Just saying, you could just get whey isolate powder or other isolate powders in the bulk section of your grocery store and mix with your choice of flavors, carbohydrates, and/or salts. Sprouts, for example, sells the stuff for $12/lb, which is not bad if you consider that most powders are ~$10/lb and stuffed with fillers. I usually just grab the powder and unsweetened cocoa powder. If you're looking for some protein sparing action, add a hint of plain sugar.
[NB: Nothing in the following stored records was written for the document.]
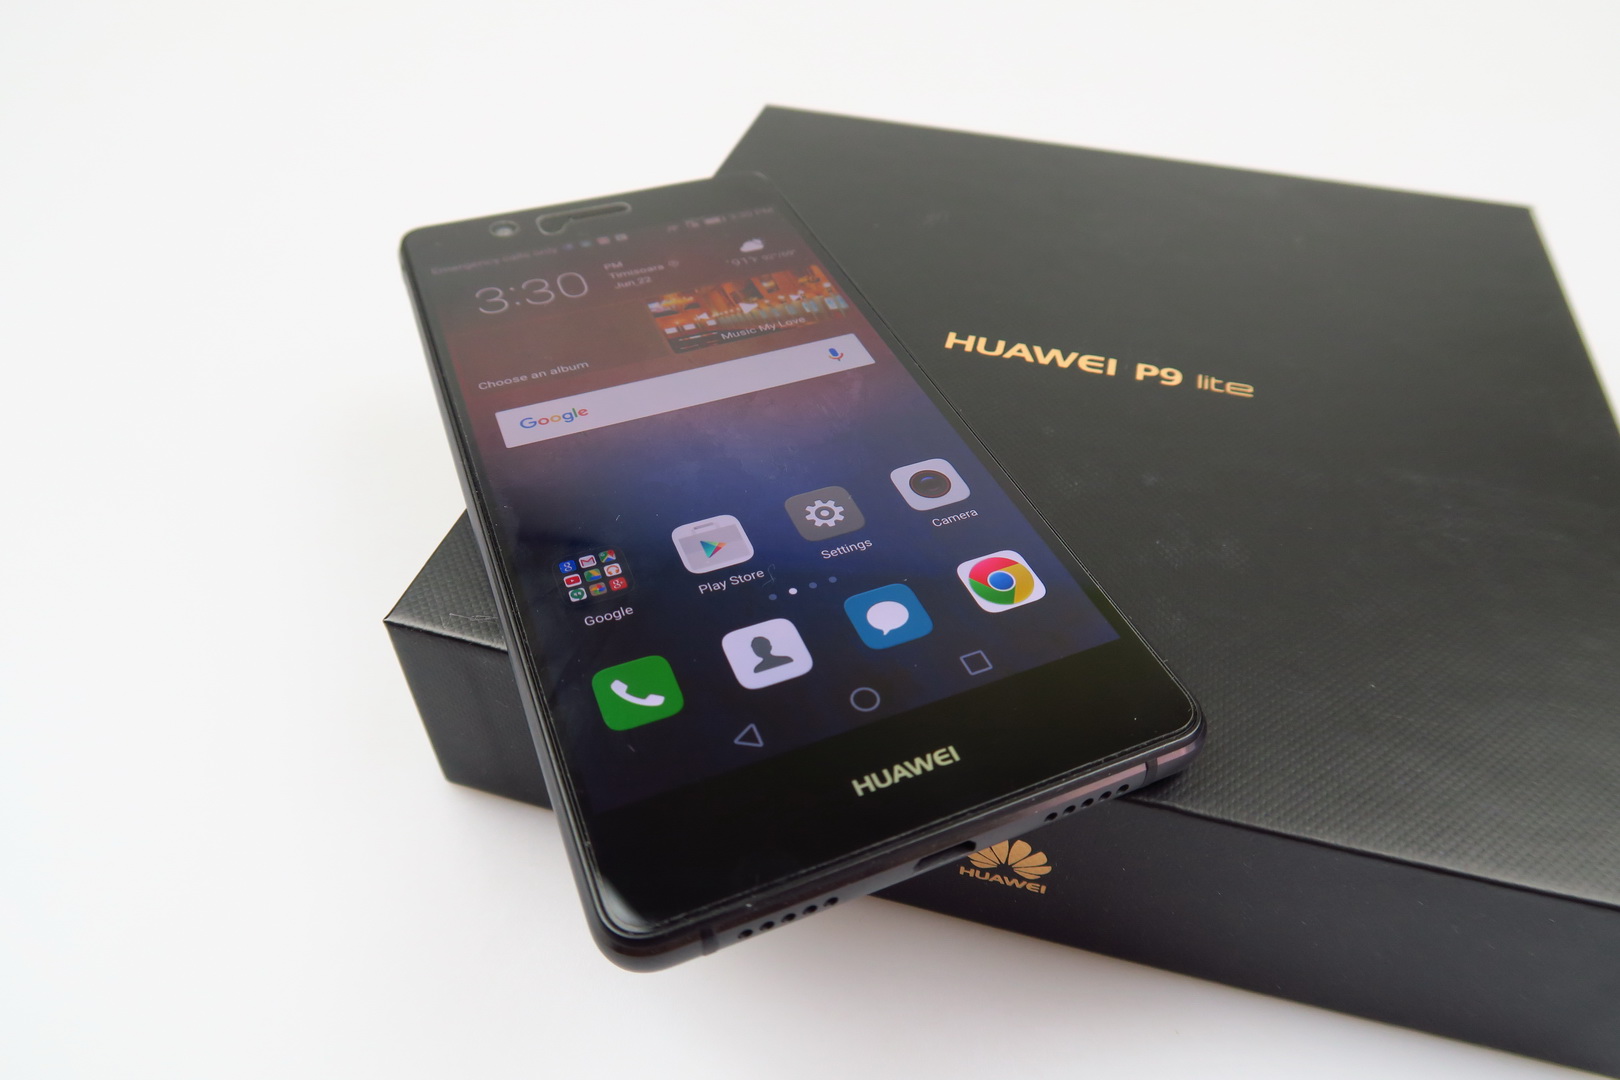 Huawei P9 Lite Unboxing: One of the Lightest Phones I've Felt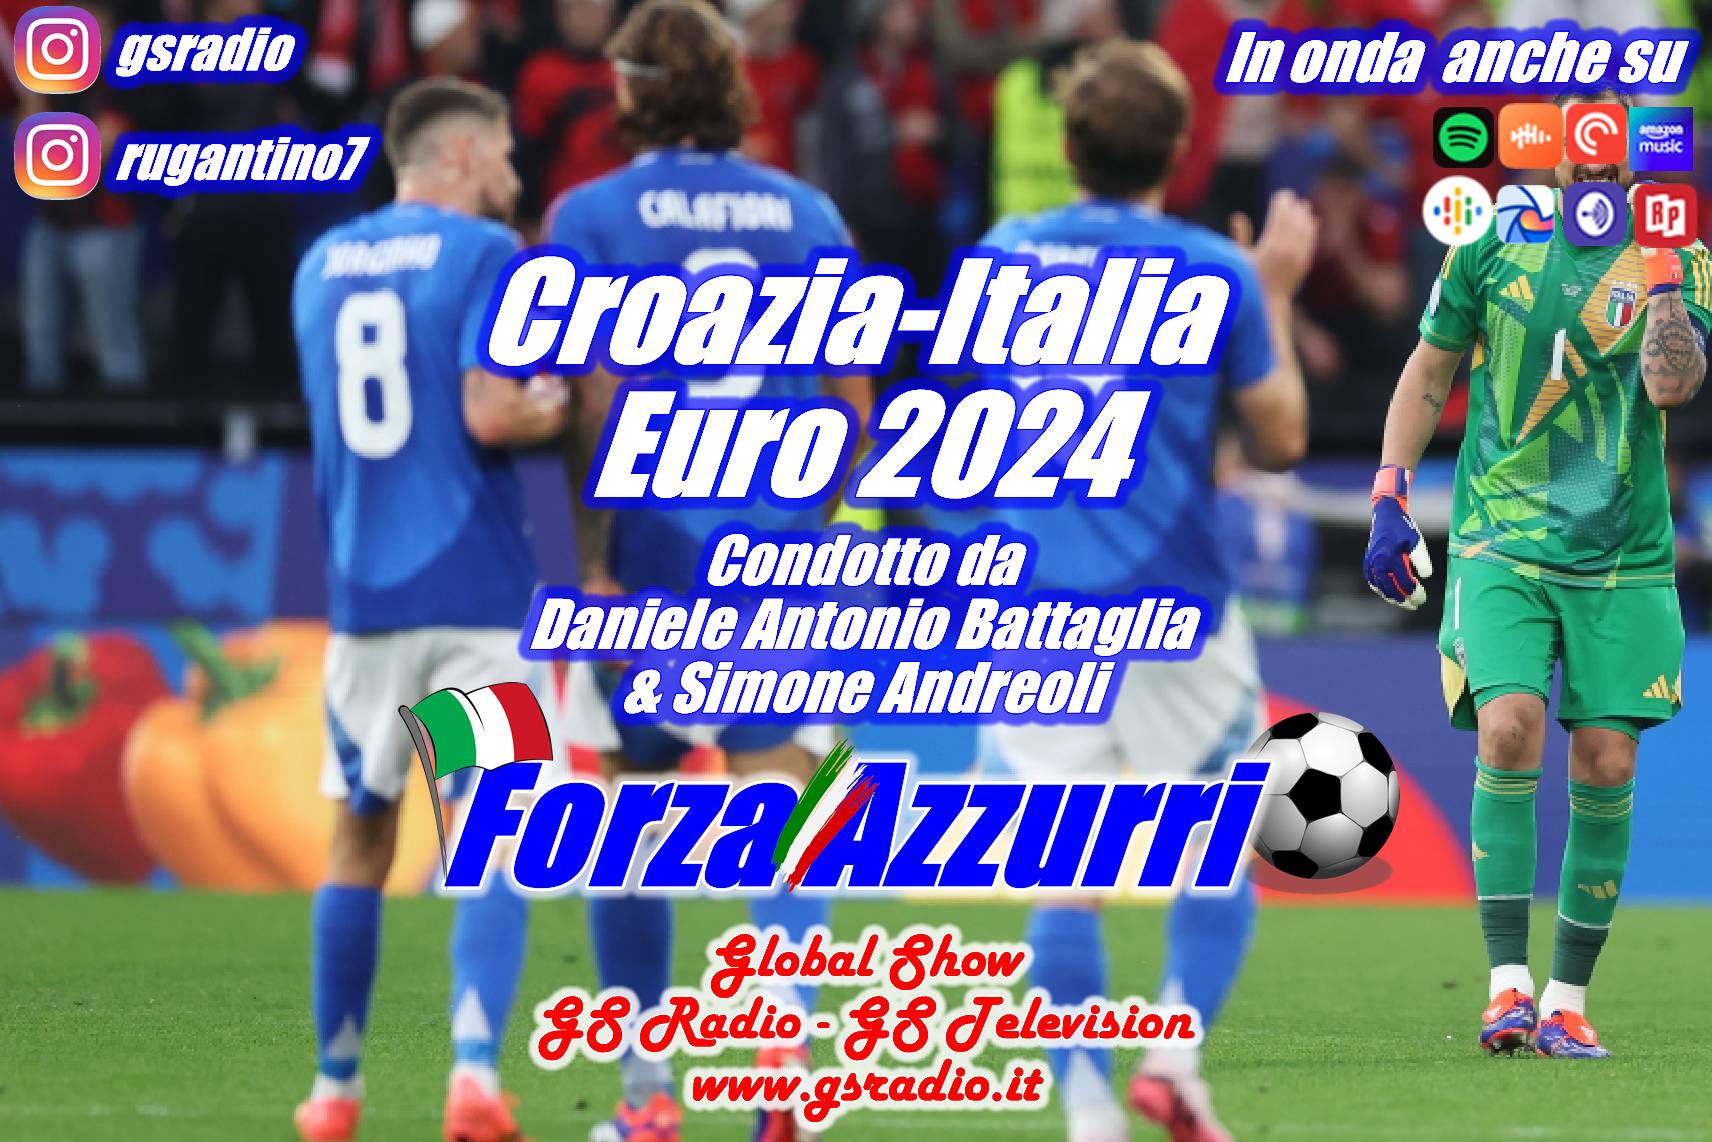 6 - Croazia-Italia Euro 2024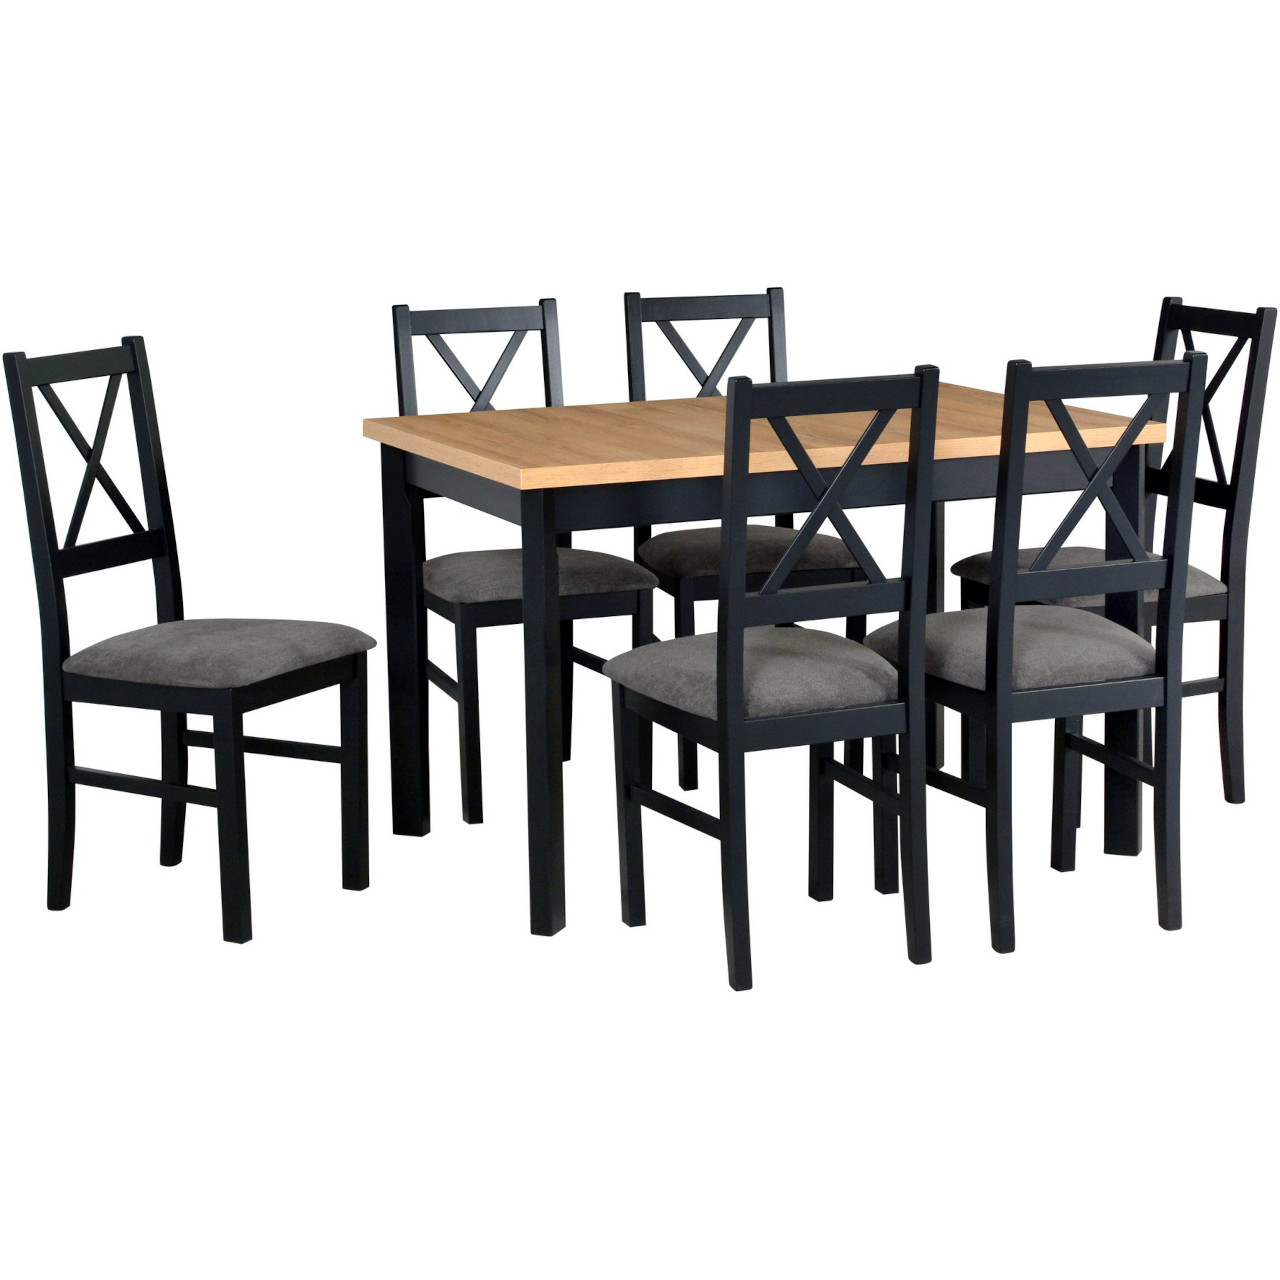 Table MAX 5 P grandson laminate / black + chairs NILO 10 (6 pcs.) black / 15B

If you want some creatine or something else in there, you can get those and mix in as you see fit. Whey, being a complete protein, is a great source of non-junk amino acids, is digested well, and mixes well with water.


  • This is useful information but it doesn't really answer my question. I mean, I could just as easily ask, how do you know that the whey isolate at Sprouts isn't amino spiked.
    – C. Lange
    Nov 7, 2020 at 4:25
  • @C.Lange, because the only two ingredients are whey isolate and soy lecithin, which is an emulsifier. Unless they wanted to have the FDA come down hard for including ingredients not labeled, that's all that's there. Any bulk section must have the nutrition information for the items for sale, so a quick check will tell you exactly what you're getting. The real answer to your question is check the nutrition information. Any additives must be labeled.